Return, without pictures, the lines from the start of the data through the one that contains "Der Anhänger ist".

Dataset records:
Start of Block
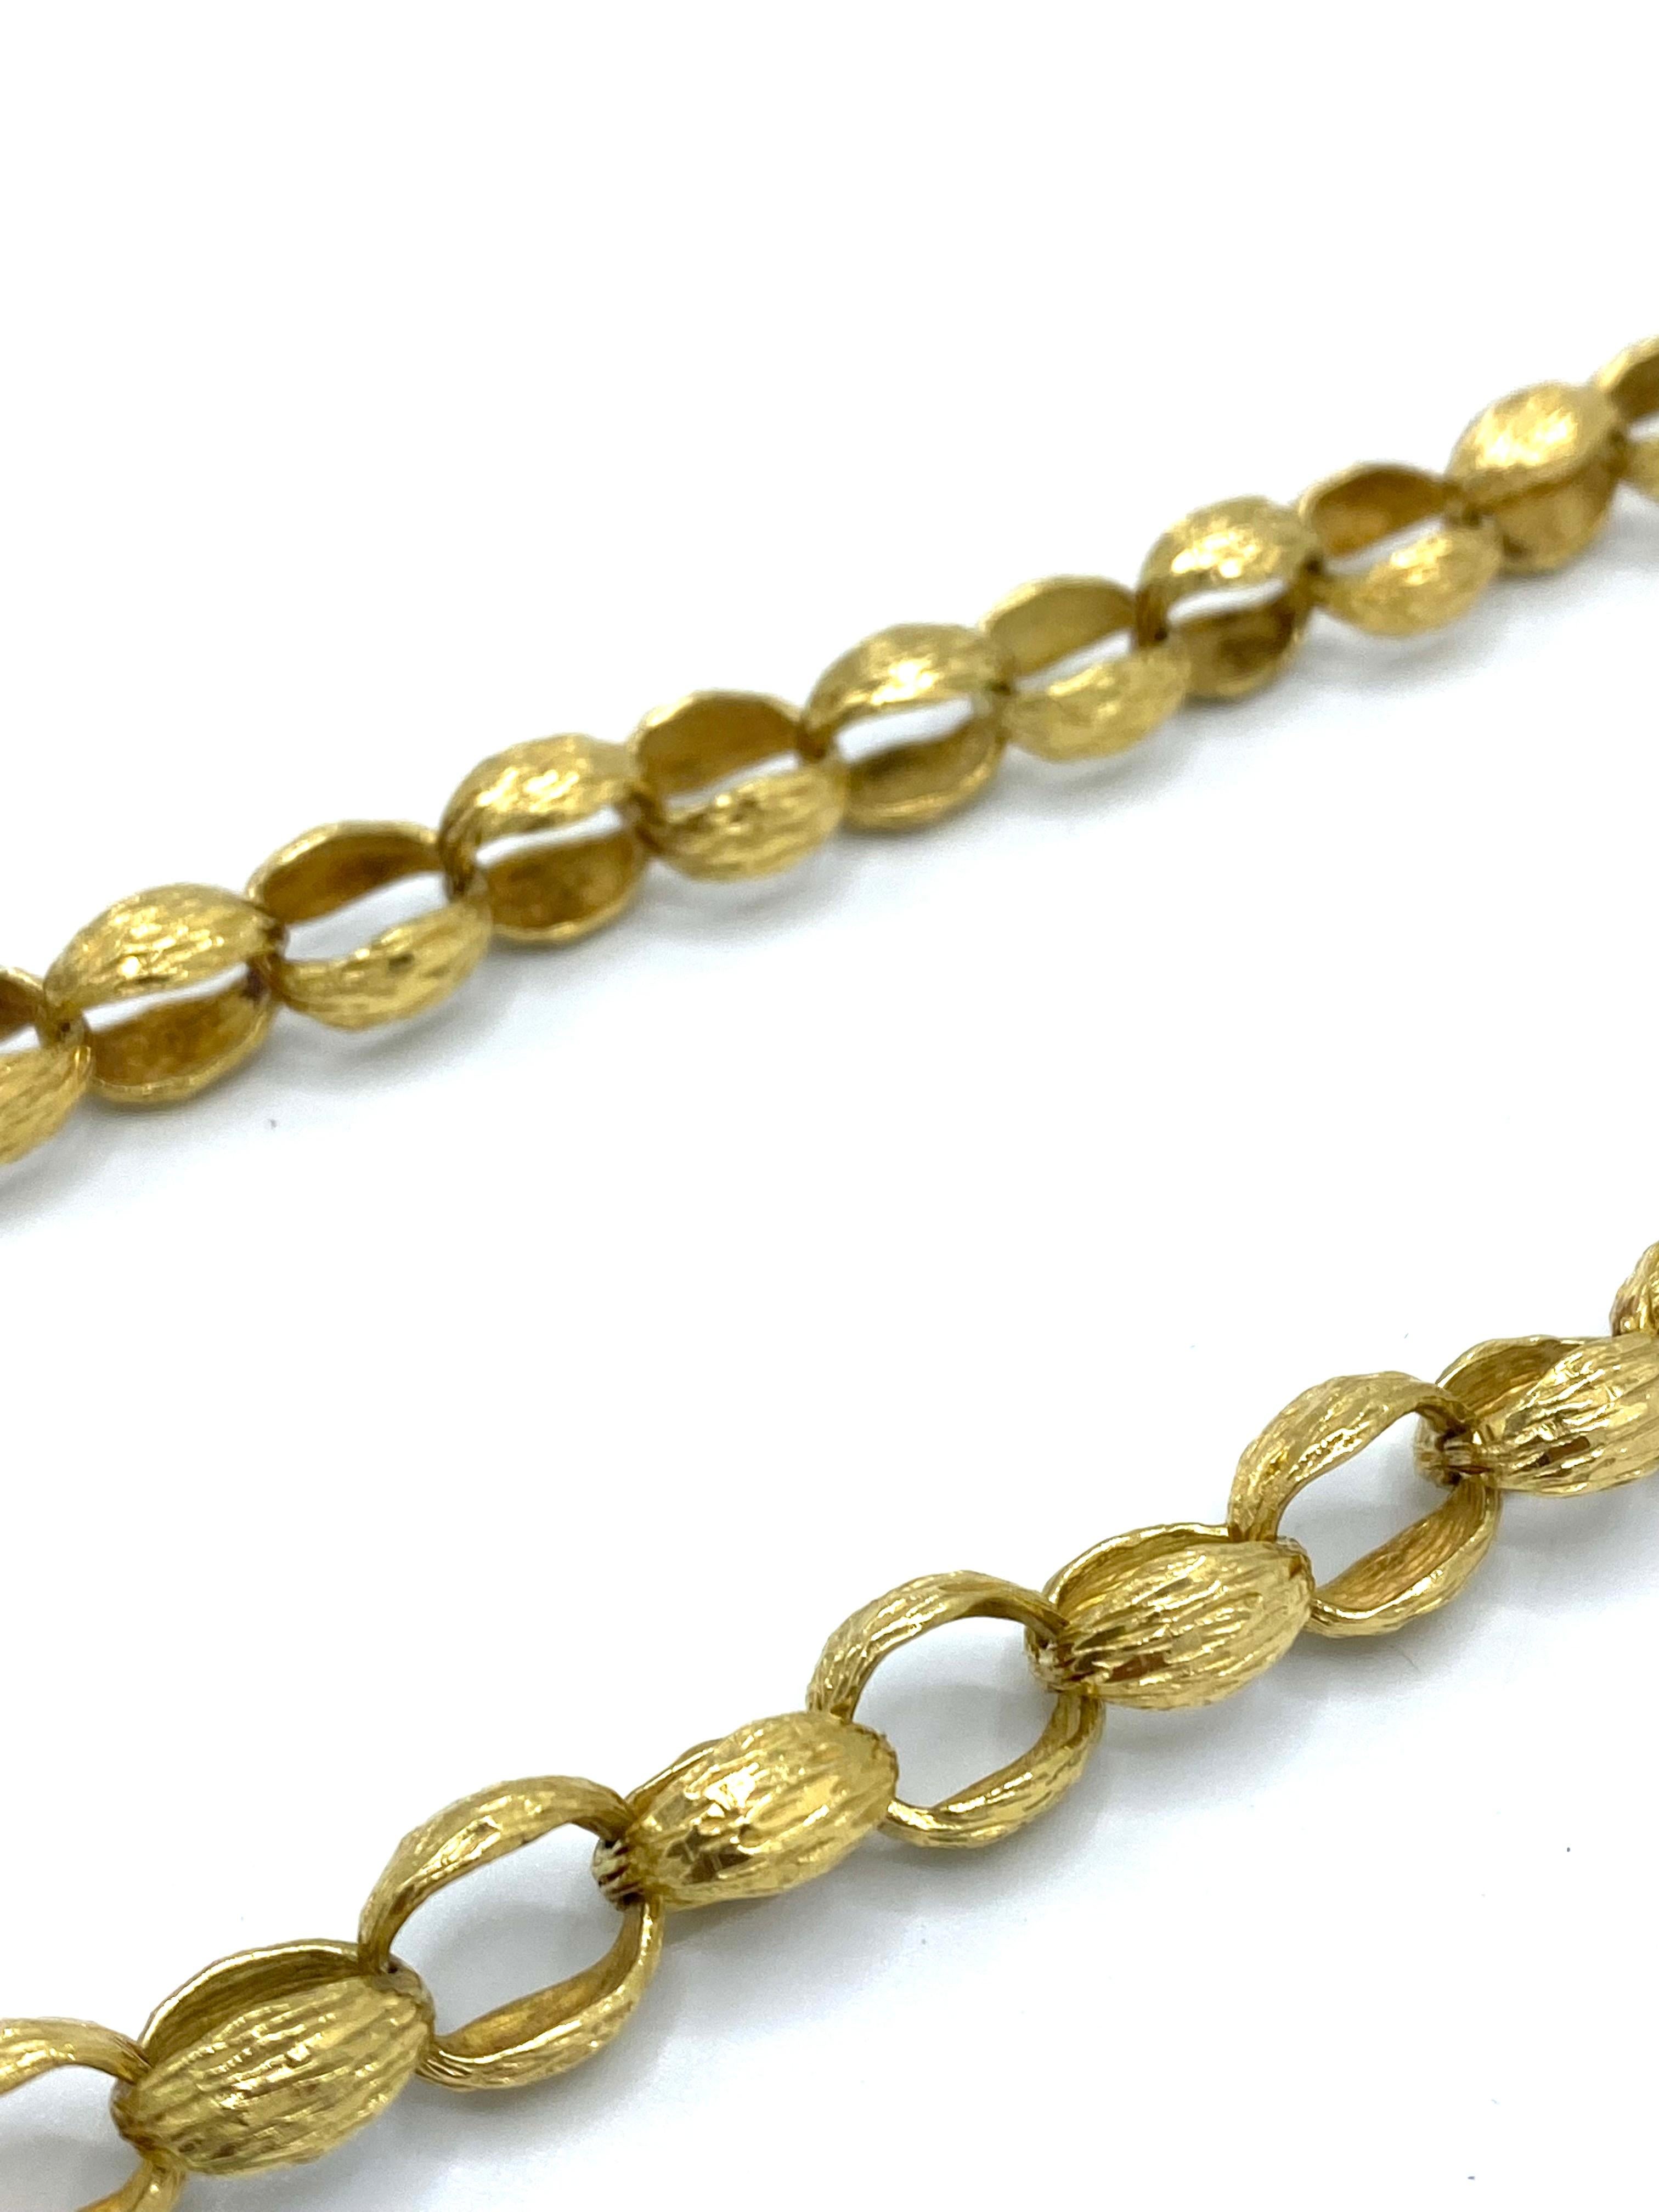 Einzelheiten zum Produkt:

Die Halskette und die Brosche sind aus 18-karätigem Gelbgold gefertigt, mit strukturierter Oberfläche und Blumenmotiv.

Die Halskette ist 34 Zoll lang und 5/16 Zoll breit. Das Gewicht beträgt 113.2 Gramm.
Der Anhänger ist
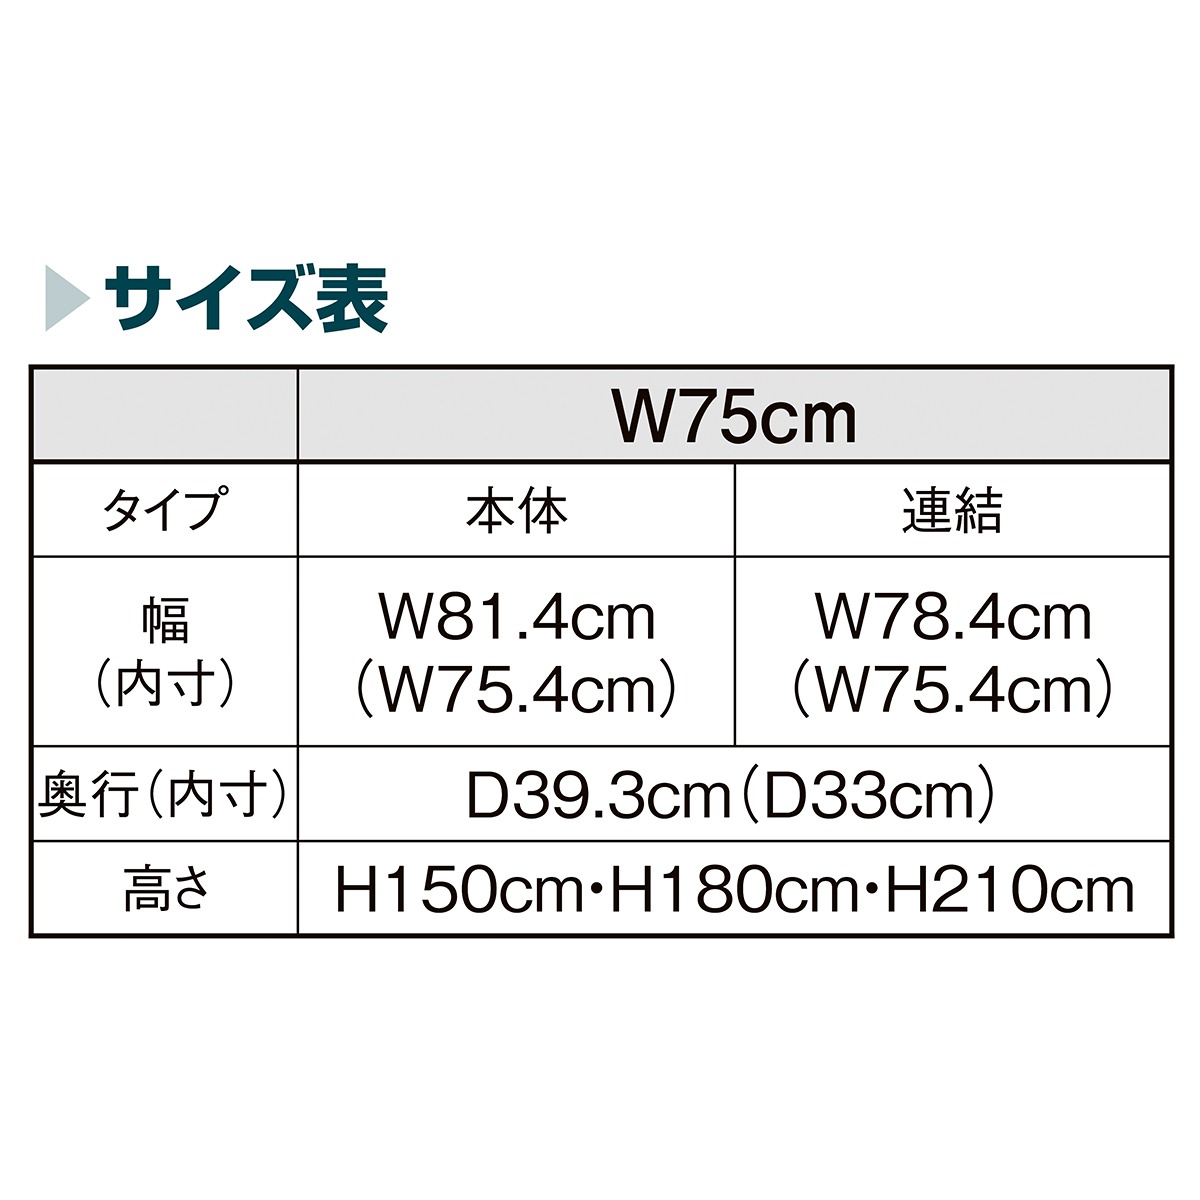 新素材新作 TR ネットタイプ W75cm 本体 H180cm
End of Block
Result of this task:
 Einzelheiten zum Produkt:

Die Halskette und die Brosche sind aus 18-karätigem Gelbgold gefertigt, mit strukturierter Oberfläche und Blumenmotiv.

Die Halskette ist 34 Zoll lang und 5/16 Zoll breit. Das Gewicht beträgt 113.2 Gramm.
Der Anhänger ist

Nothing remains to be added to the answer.